“How many bugs have your unit tests found? And why they didn’t find the one that’s currently killing our production? See? This proves that unit testing doesn’t work. It’s just a waste of money. My money.” said the boss. Of course not my boss.
That’s actually a pretty valid point. How to prove that unit tests that I have written have avoided a lot of problems? Unexistence is hard to see. Management has to be a little bit religious here. Defects found by testers are measurable, because they are officially reported. Everyone can see the issues chart, you hear about them during meetings.
But who has ever reported how many bugs he has avoided thanks to unit tests?
I am not a very religious type. Quite the opposite. That’s why I’m not feeling comfortable when advocating unit tests. I just can’t find any measures, numbers, graphs to show that would clearly visualize the benefits. The more I think of it, the more it gives me the impression that we should start a movement against unit tests.

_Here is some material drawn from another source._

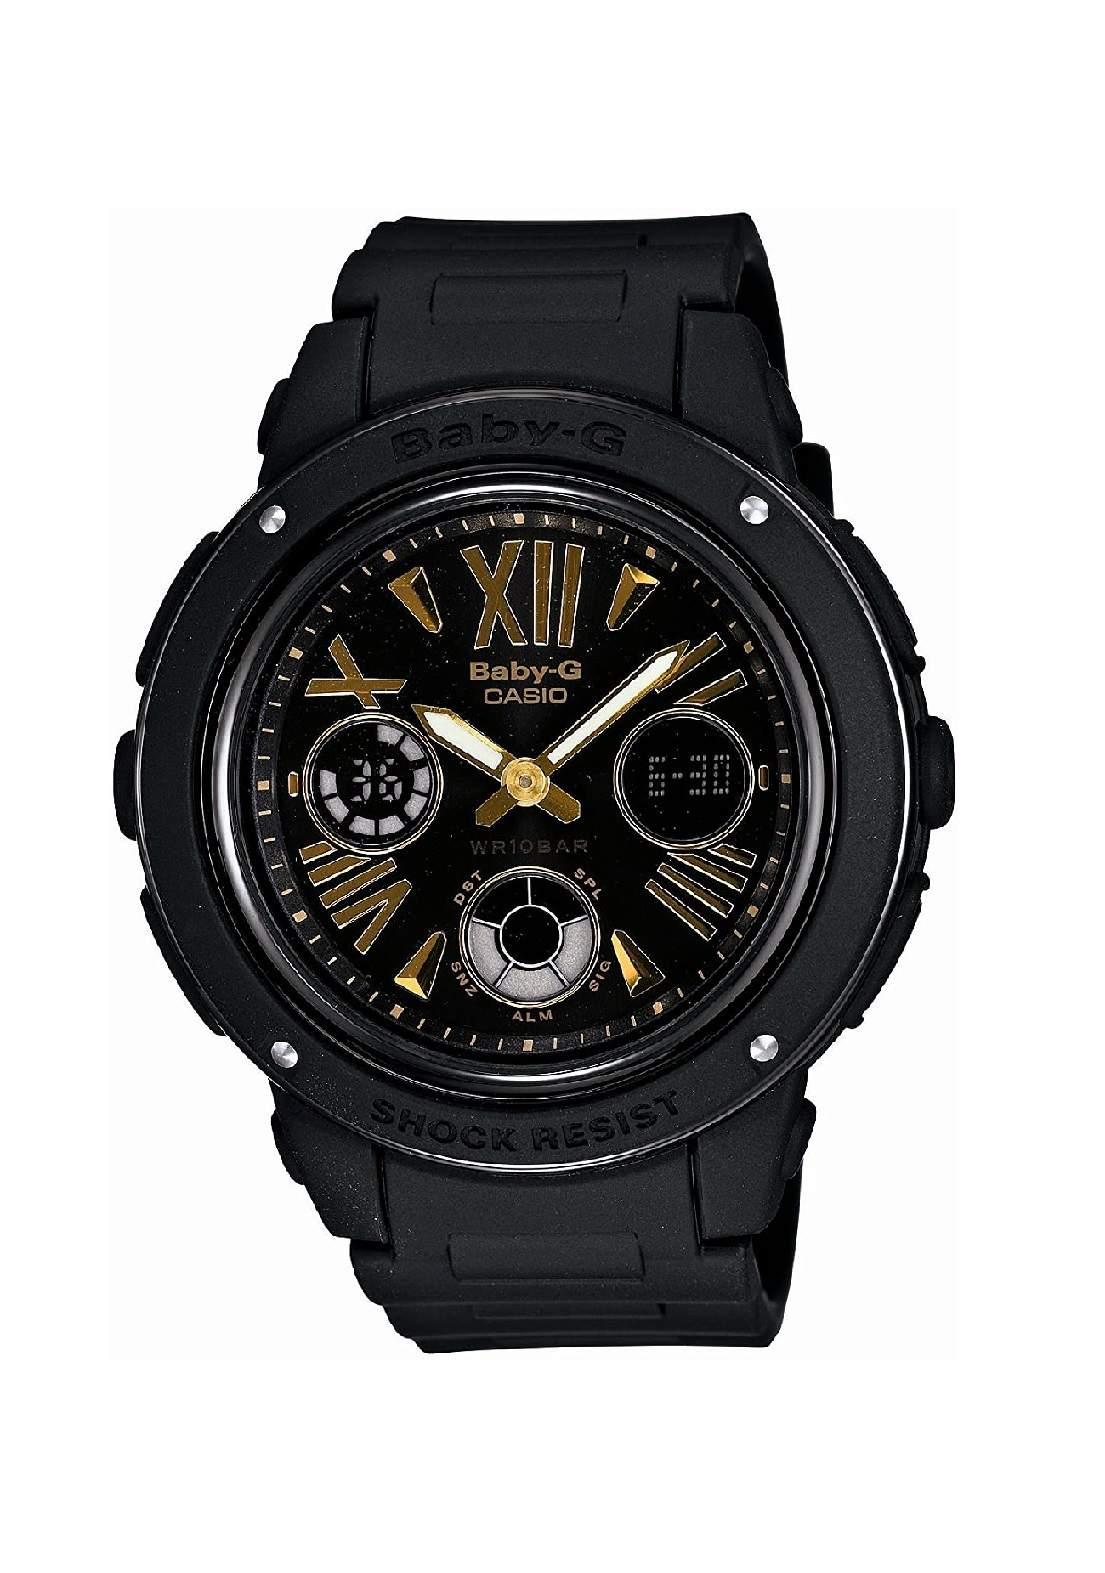 ساعة نسائية رياضية Casio BGA-153-1BSDR سوداء اللون

Let all bugs rise and ruin down the production. We will count them and put them into glass jars with a little help of unit tests. Add salt, oil, sergeant pepper and serve it to the management with colorful defect burndown chart. Their oak tables full of canned bugs are the best evidence they can imagine. When you tell them that it will never happen again if we first write unit tests and then go to production, they will make you the employee of the week. Maybe even of the month.
Don’t worry. They will forget and it will come back again. Decreasing budgets, missed deadlines and always-more-important tasks will keep unit tests in the waiting line. Then you know what to do. Corkboard misses your photo. Let them out again! Get high with a little help from our friends.